また、原作キャラを貶める意図は一切御座いません。




トリガーを引いたのは 前編

部屋の外でバイクが止まった音がした。

その後すぐに、喧しい話し声が聞こえてくる。今日も奴らが来たらしい。

カーテンを開けて外を見る。道路の近くの自販機周りに、4人ほどが集まっている。ここ最近はずっとこの調子だ。

溜息を一つついて、パソコンに向かう。

予め仕組んであったプログラムを起動して、その時を待った。

 

 

 

 

 

「…ファイナルラウンド」

 

花岡ユズはこの日、自室で格闘ゲームをプレイしていた。

彼女はミレニアムサイエンススクール、ゲーム開発部所属である。つまり、大のゲーム愛好家だ。性格は内向的であるが、部活に賭ける情熱は人一倍強い。

 

「…そこっ」

 

彼女の強みは目の良さと反射神経。

ワンフレームの動きも見逃さない目の良さ、それに追随する指先の動き。

それは数多のプロゲーマーたちにも負けず劣らず。その強さから、界隈では「UZQueen」として名を馳せている。

相手のHPバーが赤くなる。それを見てすかさず、必殺のコンボを組み立てる。相手は成すすべなく撃破された。

 

「…やった」

 

そう言った時だった。窓の外が急に明るくなる。

今は夜の1時前だ。外が明るいわけがない。

 

「何が起こってるんだろ」

 

何時も締め切っている部屋の窓を開け、ベランダに出る。

 

「…嘘」

 

信じられないものを見た。

柵の向こう側、道路沿いの自販機の近く。

――人が、燃えている。

突然飛び込んできたあまりにもショッキングな光景に、身体が恐怖で震え始める。嫌な汗が止まらない。

――通報。通報しなければ。

 

「あ、あ、通報、しないと…え、えと、救急?消防?番号、番号は――」

 

手が震えて、うまく番号を打てない。何とか打ち込んで、電話を掛ける。

 

『はい、消防局です。救急ですか?消防ですか?』

「ひ、人が燃えてるんです。は、はやく、はやく来て――!」

 

 

 

 

 

『多磨川橋梁の復旧作業は予定通り行われ、今週末には上り線、下り線ともに開通する見通しです。またアオバ区鉄橋に於いても――』

『シラトリ本局から交機23、応答お願いします』

 

一本の無線。しかも名指しである。

しかし、以前のような緊急性のある事案ではないようで、無線から聞こえた声はのんびりと間延びしていた。

 

「キリノ、取ってくれない?」

「はい。こちら交機23です」

『交機23、カンナ局長がフブキ巡査をお呼びです。至急本局へお戻り下さい』

「ですって、フブキ」

「カンナ局長が、ねぇ…」

 

もう正直この時点で嫌な予感しかしない。が、呼び出しを無視するほど、私は不真面目でもない。
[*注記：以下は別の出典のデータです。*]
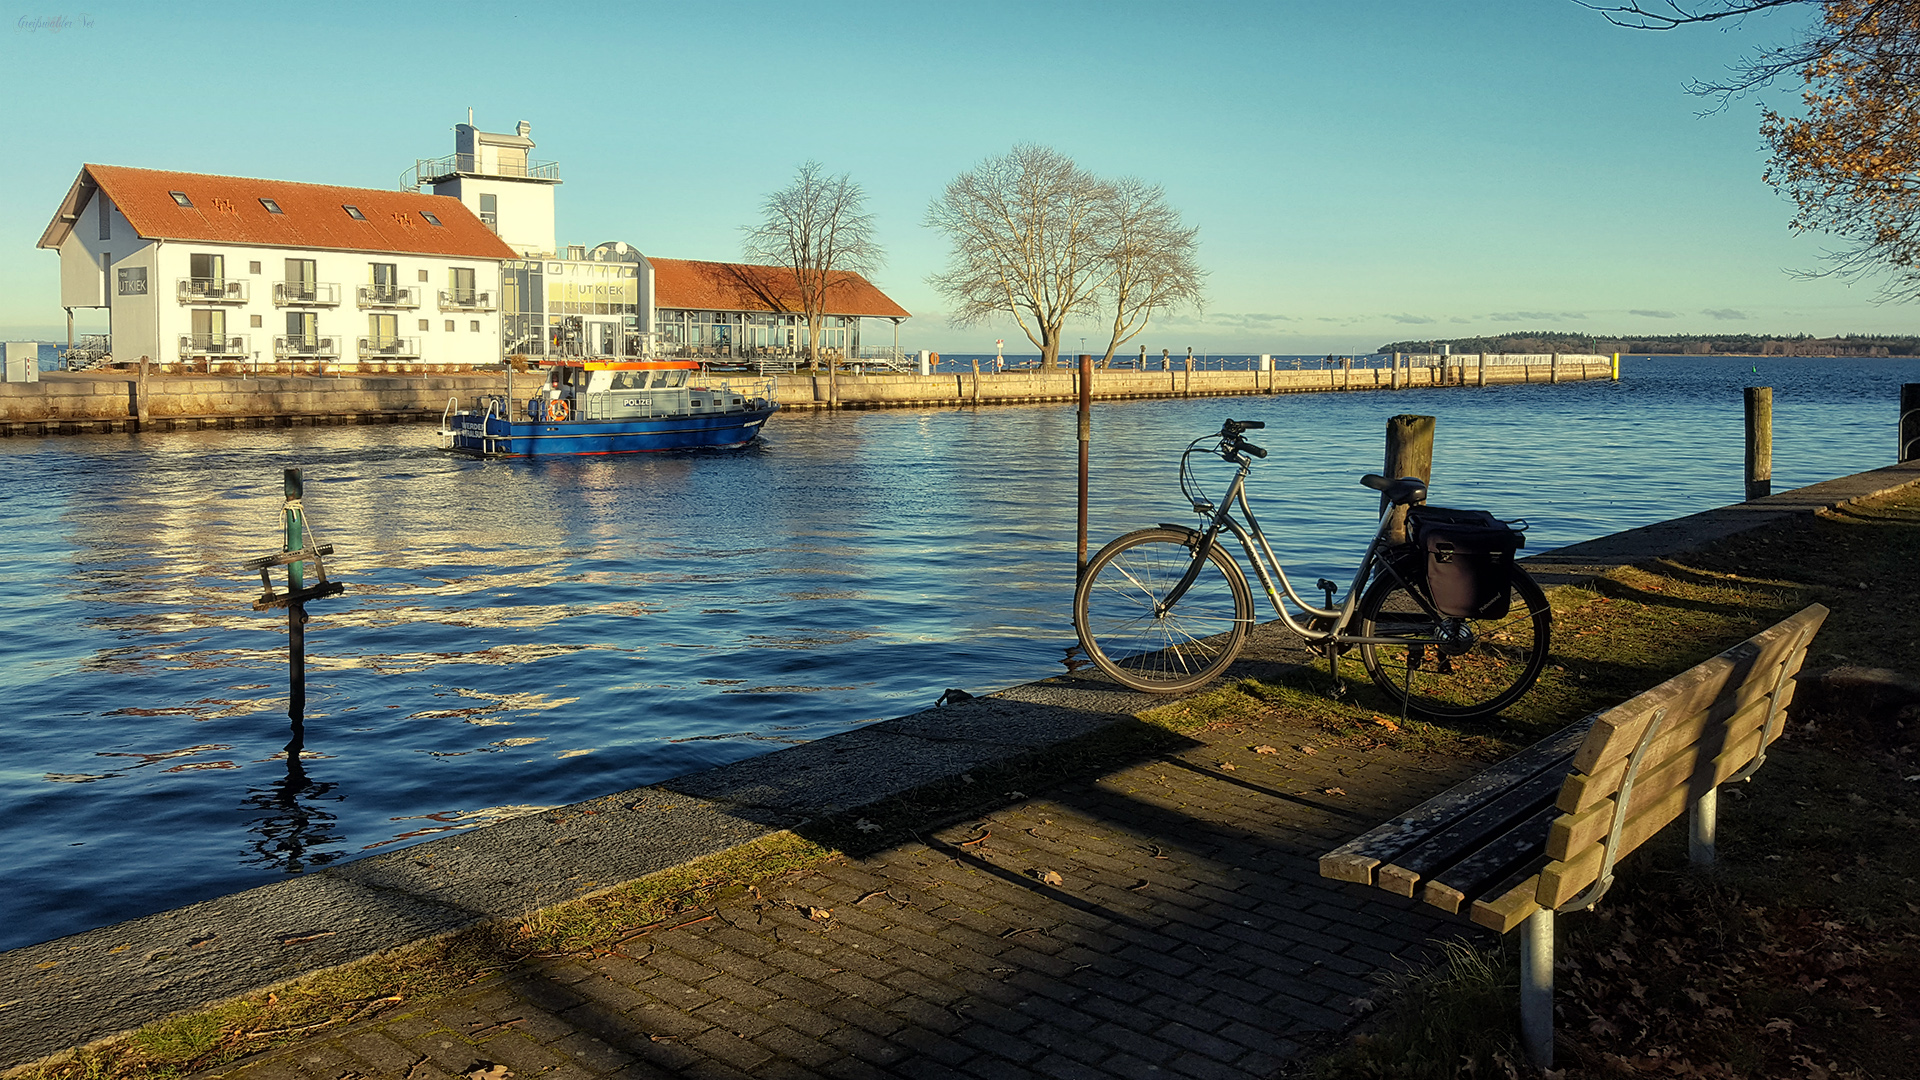 Lieblingsplatz in Greifswald-Wieck

キリノから無線機を受け取る。ちょうど赤信号に捕まったところだった。

 

「交機23了解。今から戻るね。多分30分ぐらい掛かるかな」

『本局了解。局長に伝えておきます』

「うん、よろしく〜…」

 

また厄介な事に巻き込まれたぞ、なんて事を考えながら、署の方へ舵を切った。

 

 

 

 

 

「ミレニアムのセミナーから、お前宛に捜査の依頼が来た」

「…私宛?」

 

開口一番、局長はそんな事を言った。

外部からの捜査の依頼。公安局ならまだしも、生活安全局、しかも一個人への依頼というのは例外中の例外だ。

 

「そういうのは公安局の管轄じゃないの?」

「そう思ったんだがな…セミナーから、どうしてもお前に頼みたいと」

「えー…」

 

…やはり面倒な事になりそうだ。

 

「…ミレニアムぐらいの学校なら、ちょっとした事件ぐらいすぐ解決できそうなものだけど?」

「それがそうも行かないらしくてな。保安部と共同で捜査を行なっているそうだが、どうも上手く行っていないらしい」

「そんな状況なのに、私一人行ったぐらいでどうにかなるの?」

「…とにかく寄越せとの事だ。…頼む」

 

そう言って、カンナ局長は頭を下げた。

…参ったな。局長にここまでさせておいて、行きませんとは中々言えたものではない。それに、私はそこまで人間ができていない訳でもない。

 

「…わかった。行くだけ行くよ」

「…すまん」

「ありがとうでいいじゃんか」

 

顔を上げた局長は、何処か申し訳無さそうな顔をしている。この前の事件に巻き込んだ事をまだ引きずっているのか。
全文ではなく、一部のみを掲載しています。